Time to act

Image: Ronaldo: Caused controversy

Peter Fraser thinks Uefa needs to take action against the growing trend of playacting in football.

Peter Fraser thinks that Uefa needs to take action against the growing trend of playacting in football

Prior to Wednesday night's UEFA Champions League match between AC Milan and Real Madrid at the San Siro, Cristiano Ronaldo gave an interview to Sky Sports television in order to promote a dandy new pair of football boots. Having been questioned on all things football, the former Manchester United superstar was quizzed about his spanking, safari print Nikes and his response can be summarised as, 'they're beautiful, like me'. "What a confident young man...", or words to that effect, was the response from watching members of the skysports.com football desk. It was evident that Ronaldo has lost none of his famous swagger from his days in the Premier League, the sort of psychological self-assurance that attracted the interests of Paris Hilton in Los Angeles in June 2009. It was like being reunited with an old friend. Ronaldo is undoubtedly missed since he left for the Bernabeu last summer. With build-up interviews done and dusted, watching the Portuguese on the field at the San Siro also provided a reminder of his brilliant physiological attributes.
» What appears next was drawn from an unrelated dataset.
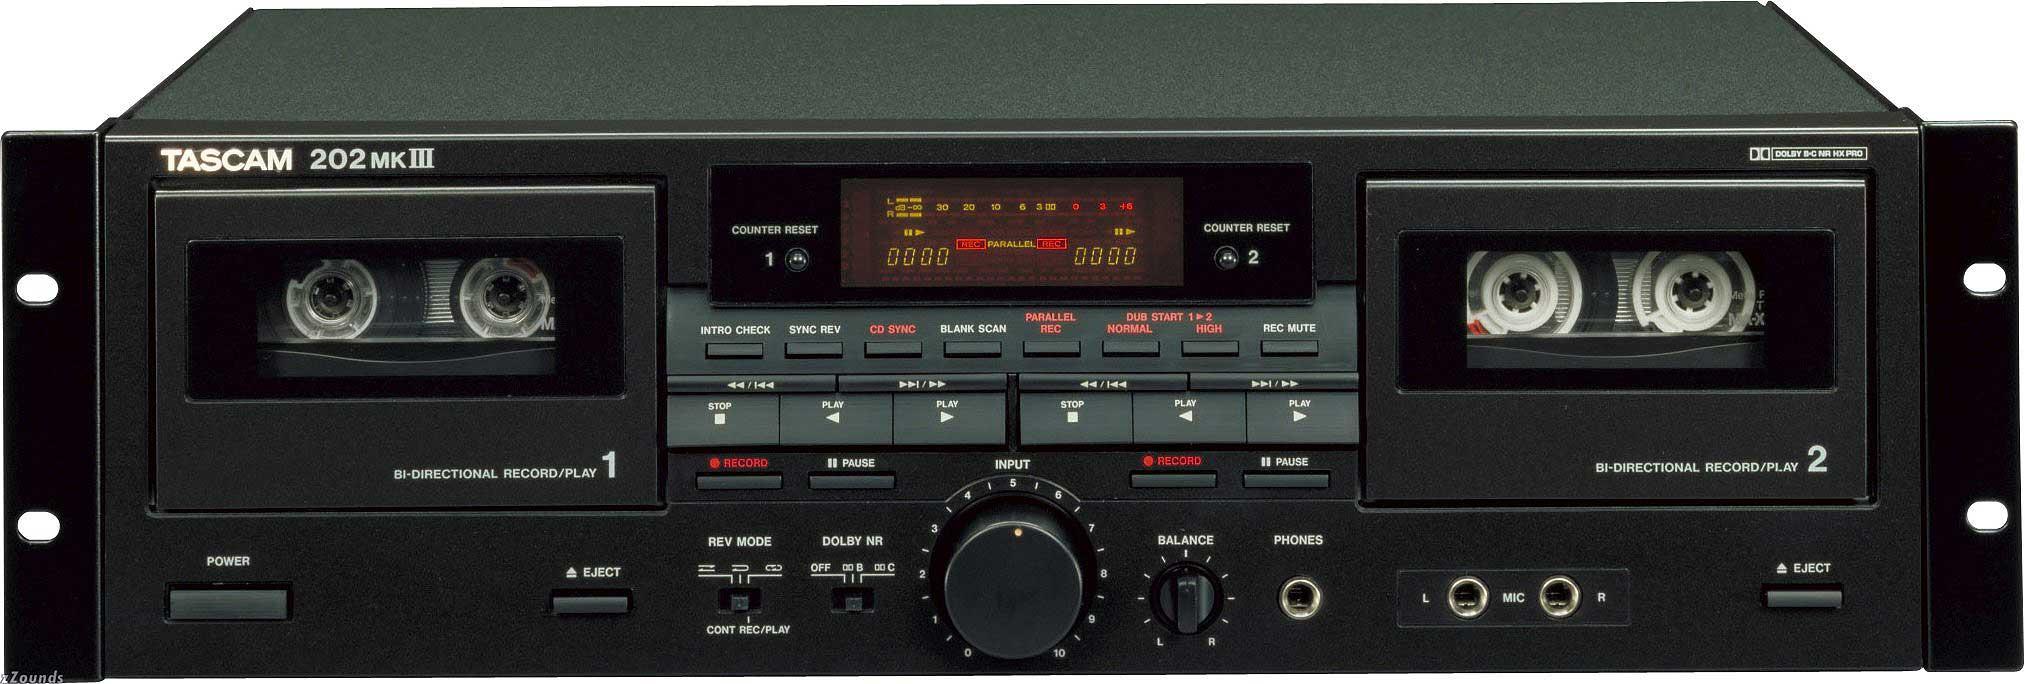 cd dubbing machine

The incredible talent, lightning speed and ferocious power that tore England's top flight apart with almost unwavering consistency were on full display. Unfortunately, so were the negative aspects of Ronaldo's game. The Portuguese failed to get on the scoresheet in Real's eventual 2-2 draw against Milan, despite playing in 'I can do this on my own' mode.

Temper tantrum

Frustration got the better of the 25-year-old and in the 24th minute he caused an angry, mass scuffle after falling to the ground, clutching his face, after being accidentally tapped in the neck by Milan's Ignazio Abate as the pair battled for control on a touchline. It appeared that Milan's world-famous Teatro Alla Scala had been relocated such were the theatrics of almost operatic proportions on display. Ronaldo's playacting was inexcusable. The only thing missing was a wink. The act was another case of an ever-developing trend in football. It is no longer considered enough to 'dive' to the ground in search of a penalty. It is a pre-determined tactic to attempt to get an opponent sent off at any moment in a match. Think Rivaldo against Turkey in the 2002 World Cup, or even as far back as Diego Simeone against England in the 1998 World Cup. Simulation to win a penalty or free-kick under a tackle is an unsavoury part of the game, but the common defence is that it is almost instinct in the heat of the moment. See Jurgen Klinsmann versus Argentina in the 1990 World Cup final, Eduardo versus Celtic in 2009, or Francis Jeffers versus Liverpool in 2002. The playacting that is becoming a disease in the game is far worse. Ronaldo's charge sheet is almost endless. Usually accompanied by a slap of hands to the floor and a temper tantrum, the most galling part of his actions is the exaggeration of his antics.
Amateur dramatics
When hitting the deck against Milan, the 2008 Ballon D'Or and World Player of the Year left a clear delay between Abate's hand making clipped contact with his throat and actually rolling on the floor while waiting for referee Howard Webb. It was despicable to watch. Webb decided a ticking off for Ronaldo and Abate was sufficient. It was harsh for Abate and a let-off for Ronaldo. It should be pointed out that this is not a personal character assassination against Ronaldo. Remember Kader Keita against Kaka at this summer's World Cup? Or even search YouTube for former Duisburg manager Robert Meier head-butting then Cologne midfielder Albert Streit for some incredible amateur dramatics. The fact is that Ronaldo's antics on Wednesday night have reignited the debate surrounding playacting. Uefa needs to take action if referees do not punish the fakers on the field. Video evidence should, and must, be used to catch the actors. Suspensions would soon address the issue and make players reconsider their actions. If they are aware that they could be caught in the act and potentially even hit with a financial fine there would soon be a decrease in the frequency. Never mind calls for state-of-the-art goalline technology, simply viewing footage of matches on a consistent basis is a priority to cure the increasing menace of playacting.